Firstly, they should be aware that the value measured on their sample will be more often biased towards underestimating than overestimating the true value of the underlying population they are interested in. This possible bias was not discussed in any of the papers in our survey.

Further, they should be aware that testing the null hypothesis of no association is conservative, rejecting the null hypothesis when it is true at lower than the nominal rate α. This hypothesis was tested in 21 of the 26 papers in our survey; but none of these discussed the conservatism of this test.

Next, they should not attempt any of the methods offered in the literature for correcting bias. No method yet developed offers consistently reliable performance. Additionally, the fact that the standard deviation of OPA-corrected values (Fig. 2b) was greater than that for the r values (Fig. 2a) illustrates that any reduction in bias through corrections could increase imprecision.

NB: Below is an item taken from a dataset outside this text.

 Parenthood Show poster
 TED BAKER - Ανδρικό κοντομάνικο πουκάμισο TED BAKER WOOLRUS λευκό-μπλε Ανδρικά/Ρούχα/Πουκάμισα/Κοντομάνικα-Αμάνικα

Finally, when discussing the importance of this bias towards underestimation for the biological conclusions to be drawn from their study, they should quantify the likely extent of this bias. We see in Fig. 1a that (regardless of the size of the actual correlation ρ) as long as N > 15, the difference between r and OPA(r) is less than 5% of r. Sample size was less than 15 in 3 papers out of 26 in our survey. Thus, unless sample size is very small, the issue of sample bias is unlikely to call for substantial modification of biological conclusions. For such sample sizes, statistical power is likely to be very low (see Tables 1, 2) and thus imprecision may often be a greater concern than bias even in this situation. In our survey of 26 papers, 1 provided a confidence interval, and none of the others discussed precision in any way. We have demonstrated here three simple and general ways that such a confidence interval can be calculated as a very useful aid to discussing imprecision of estimation.